Anna Stesia is a dividing line. It sits between the two battling halves of Prince’s psyche and tells the story of his Blue Tuesday – the night a bad trip and an encounter with Ingrid Chavez ended his plans to release the Black Album, and began the more positive-minded Lovesexy era.
On tour, Anna Stesia divided the shows’ first half devoted to lust, and the second half of spiritual material. It arrives after Prince’s Camille character is shot dead and uses stage hydraulics to depict his rebirth and ascension to a higher plane.
The song itself is the concert experience in miniature. Its first half is dark and Godless. Prince is feeling empty and alone, and is looking to numb those feelings via his usual method: sex. He seeks anaesthesia, which seems to arrive in the form of a woman in a nightclub (played in real life by Chavez). But this encounter isn’t his usual palliative of temporary oblivion – it’s the start of a spiritual awakening where he finds the solace he seeks in God. Anaesthesia becomes Anastasia, taken from the Greek word for resurrection. The bleakness dissipates and the song morphs into the most glorious acid-drenched gospel Prince ever wrote.

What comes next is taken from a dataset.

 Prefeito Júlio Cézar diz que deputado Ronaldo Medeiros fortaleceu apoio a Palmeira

The chorus, so full of desperation and ego (the word ‘me is used seven times) only appears once in the second half, distorted into the fading cry of a banished demon. A new refrain takes its place. “Love is God. God is love. Girls and boys love God above”.

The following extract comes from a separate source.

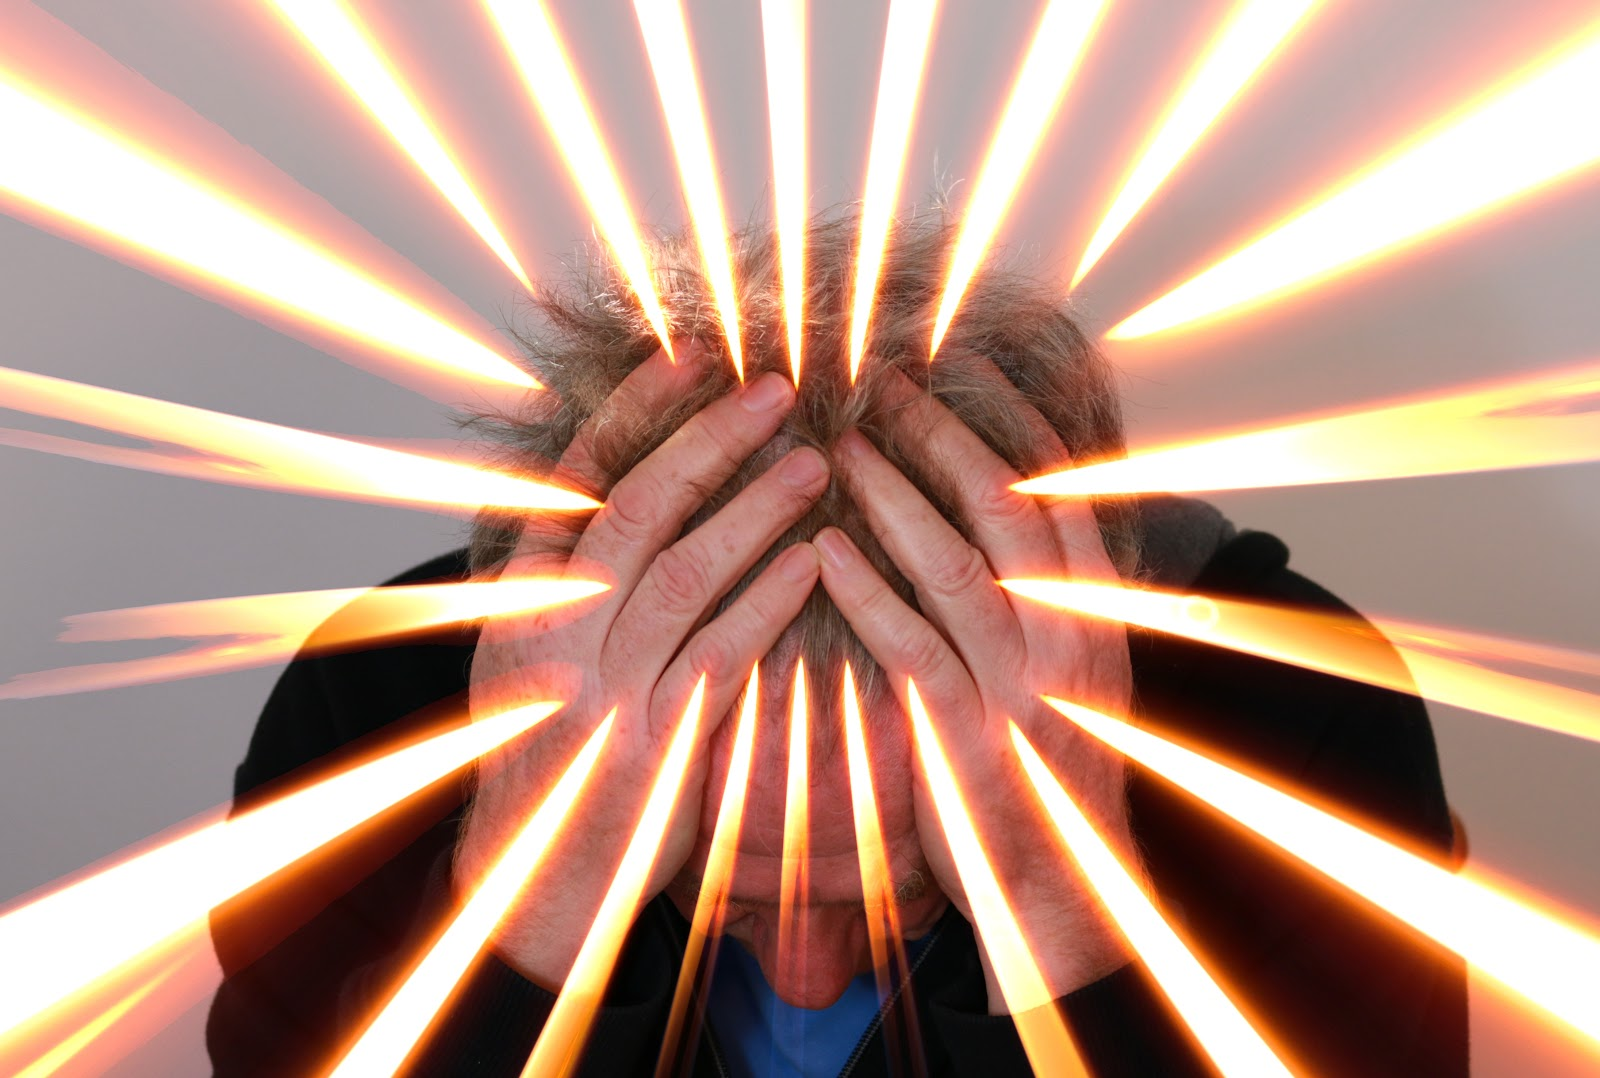 https://get.pxhere.com/photo/work-hand-man-light-sunlight-old-reflection-ferris-wheel-color-flame-fire-profession-burn-face-design-psychology-symmetry-shape-stress-voltage-psychotherapy-headache-burnout-psycholgie-770755.jpg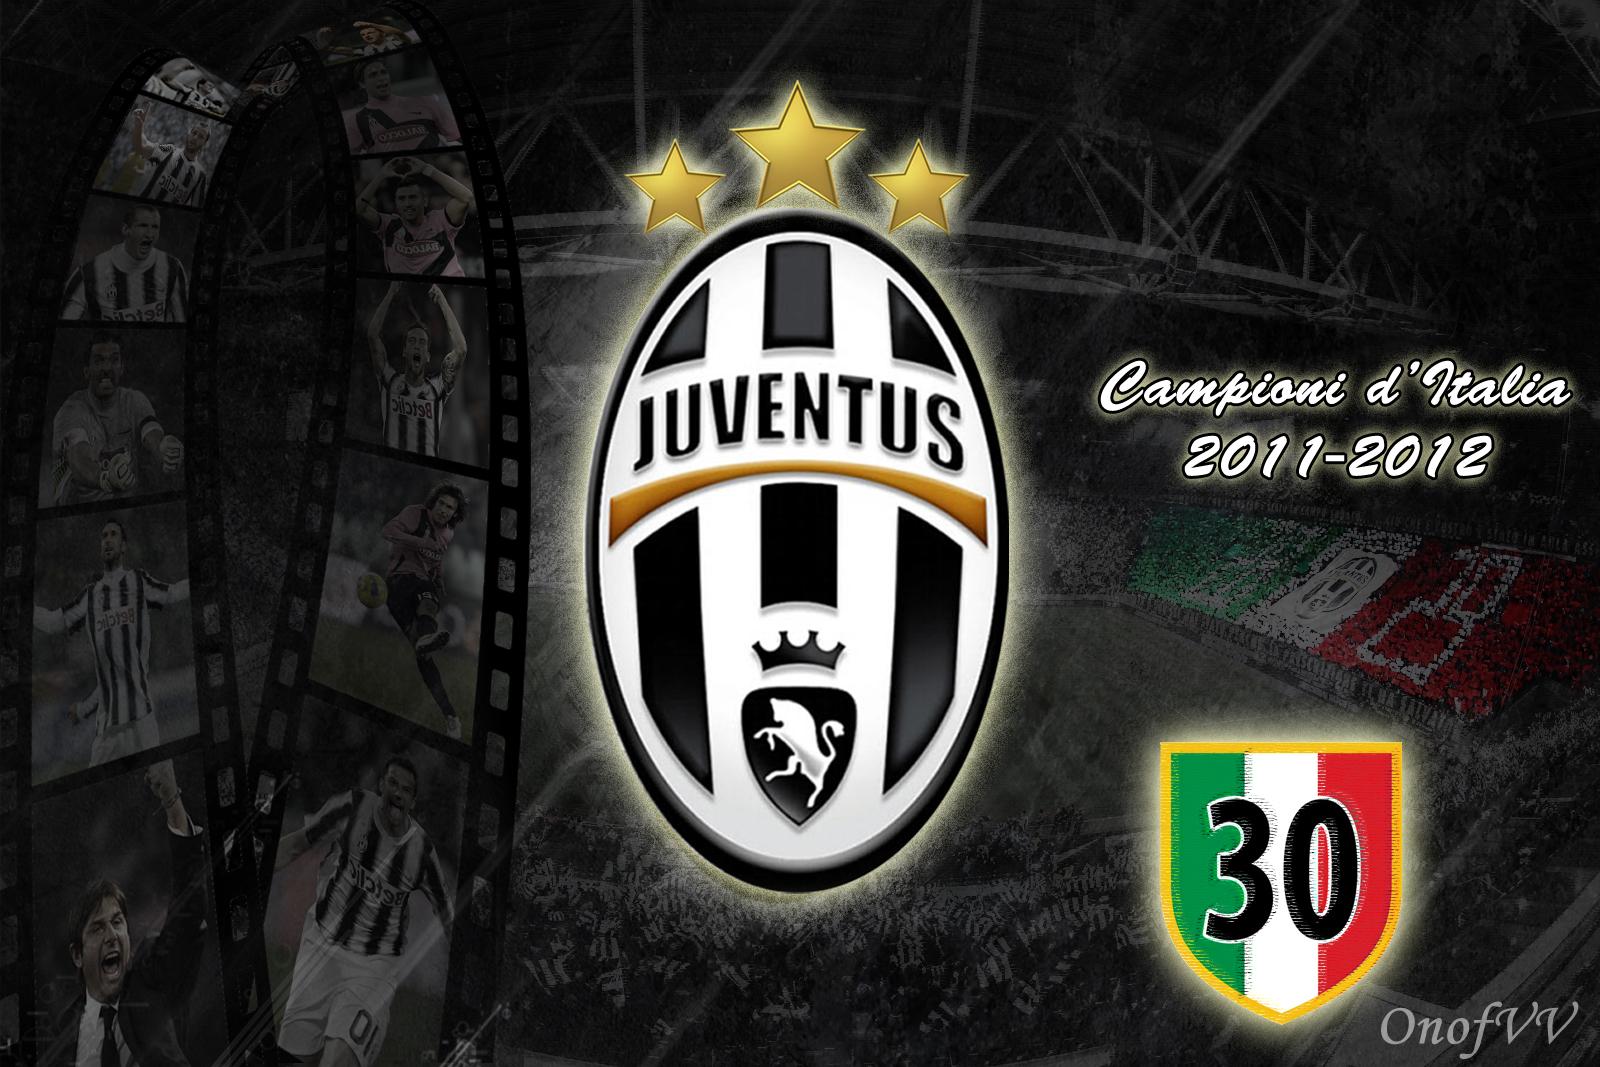 Sfondi juventus campione d 39 italia hd for Sfondi hd juventus

Prince may have not been the first person to flip John the Evangelist’s phrase ‘God is Love’ (1 John 4:8) – the German philosopher Jakob Böhme beat him by about 350 years – but he was the first to loop its beautiful symmetry into an Elysian chant which stays with you long after the song has finished. The world isn’t short of dusty theologians arguing how love can never be God, but I can’t think of a more powerful advertisement for monotheism.
According to Prince, this was his mother’s favourite song of his. There are days when it’s mine too. Who needs to wait in vain to be graced by a spiritual epiphany when you can uncork this bottle of Damascene elixir at will.